Da Acciano a Beffi ripercorrevamo una delle tratte più belle
del Cammino di Celestino. L’immaginazione correva indietro nel
tempo al 1294,
quando il medesimo tragitto veniva percorso da Pietro da Morrone, futuro papa,
alla volta dell’Aquila. Il letto del fiume
Aterno lasciava correre l’acqua che
in sé aveva la memoria del tempo, quell’acqua che si era più volte rimescolata
nel mondo e che
ora mi piaceva pensarla come testimone di ogni conoscenza. I
ruderi di un antico mulino erano a ridosso del fiume, con alte pareti in
pietra
e tetti sfondati, porte divelte e fermate dagli accumuli di terra,
probabilmente ancora in funzione nel secolo scorso, ma che
adesso si rivestiva soltanto
di edere ed accoglieva gli arbusti. Poco distante ritrovavo la chiesa di Santa
Maria Silvana, visitata più
volte in passato col riscontro di un lento degrado
che anno dopo anno procedeva comunque inesorabilmente.
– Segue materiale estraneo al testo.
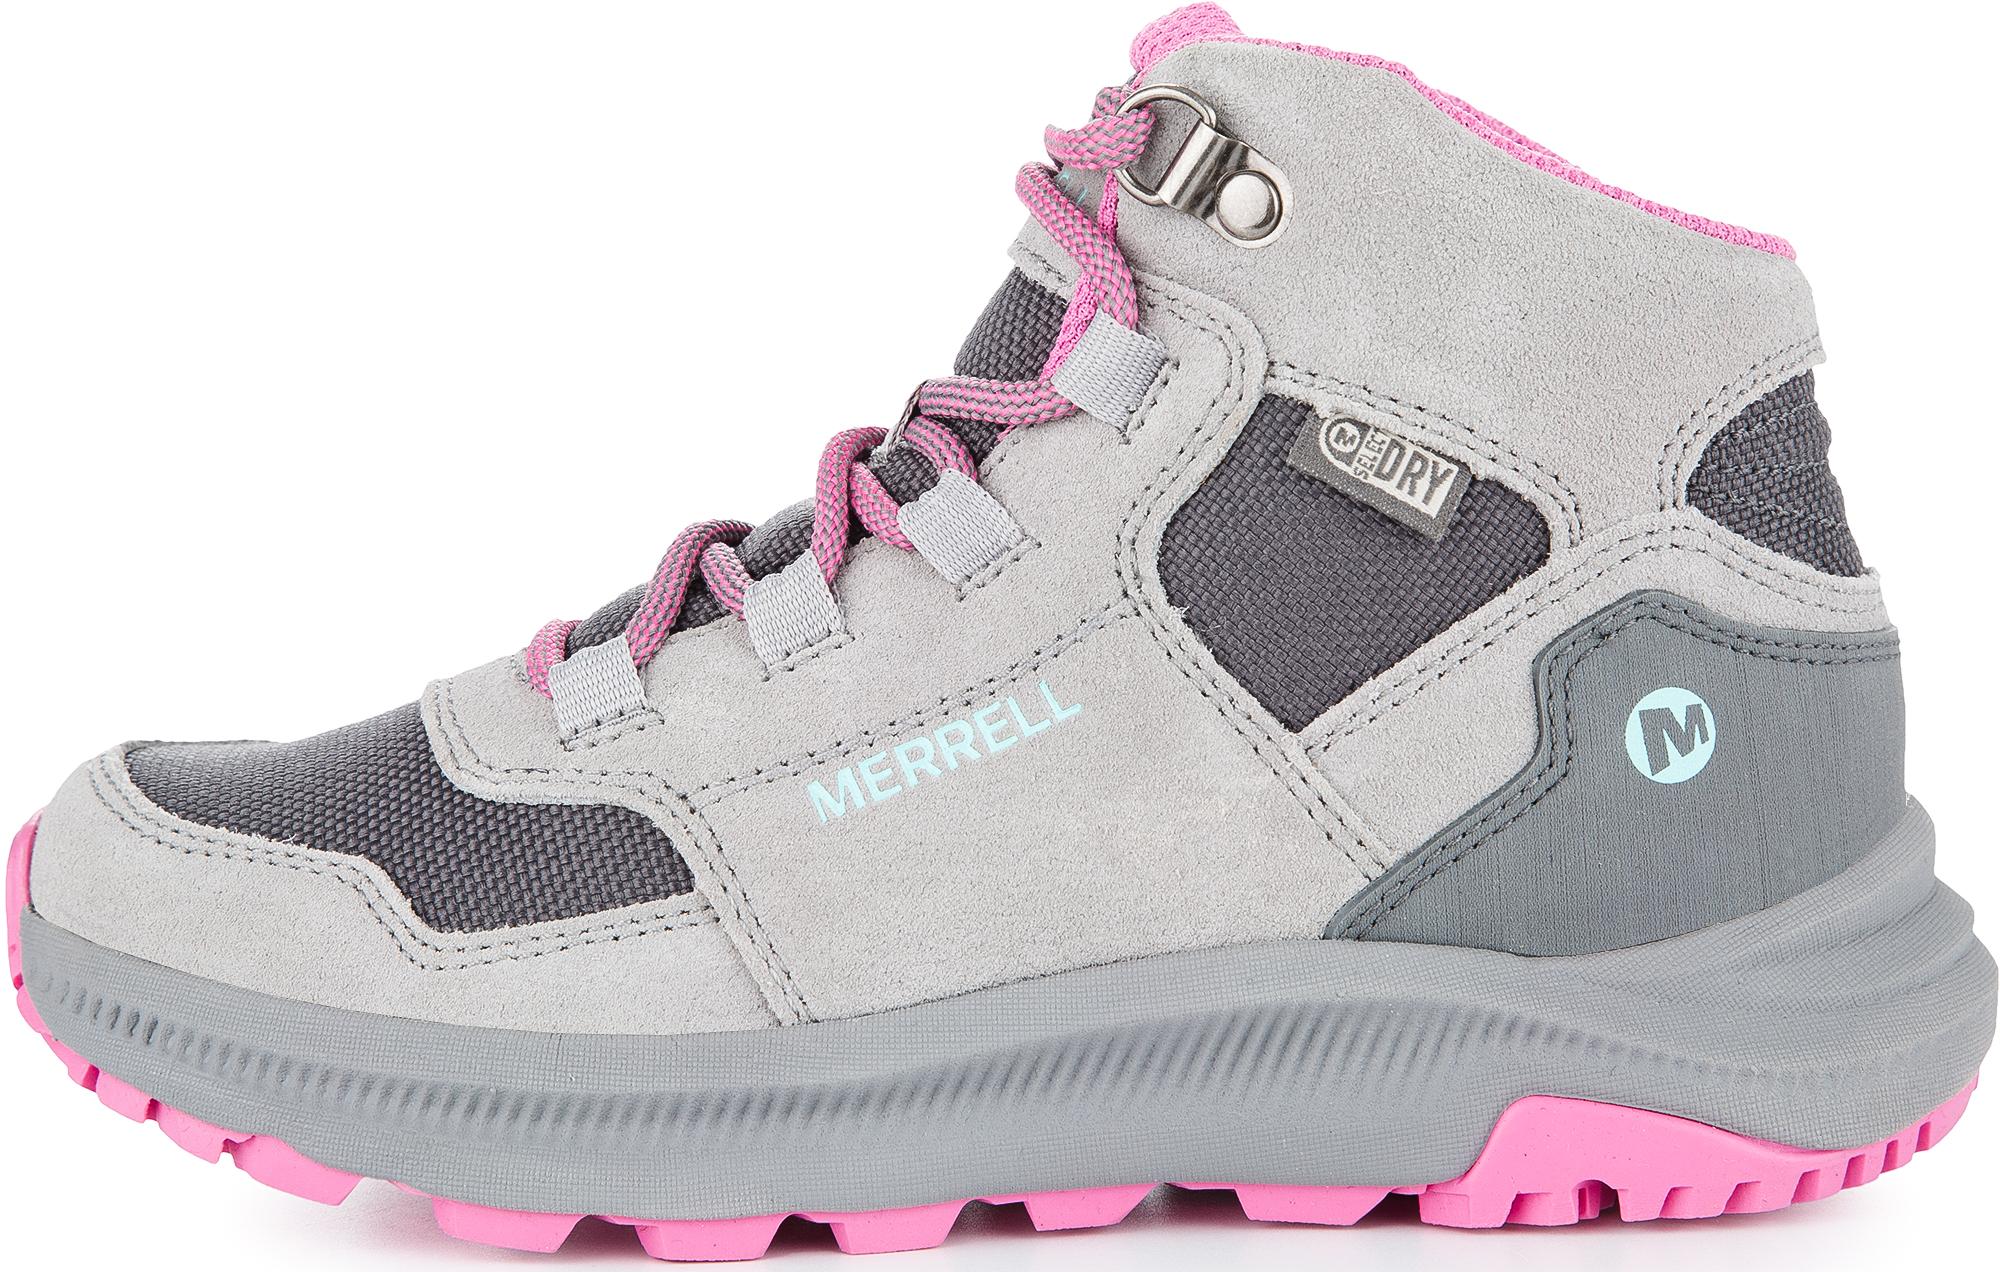 Merrell Ботинки для девочек M-Ontario, размер 40,5

Ma la bellezza della
natura aveva la voce più forte che passava sopra ogni cosa, sulla superficie dell’acqua,
tra gli alberi e i vigneti incolti, sopra

ogni pietra ossidata, sopra il
piccolo e famosissimo ponte romano. L’acqua correva similmente ai pensieri, che
nonostante

volessero contenere tutto, si abbandonavano al fluire del tempo.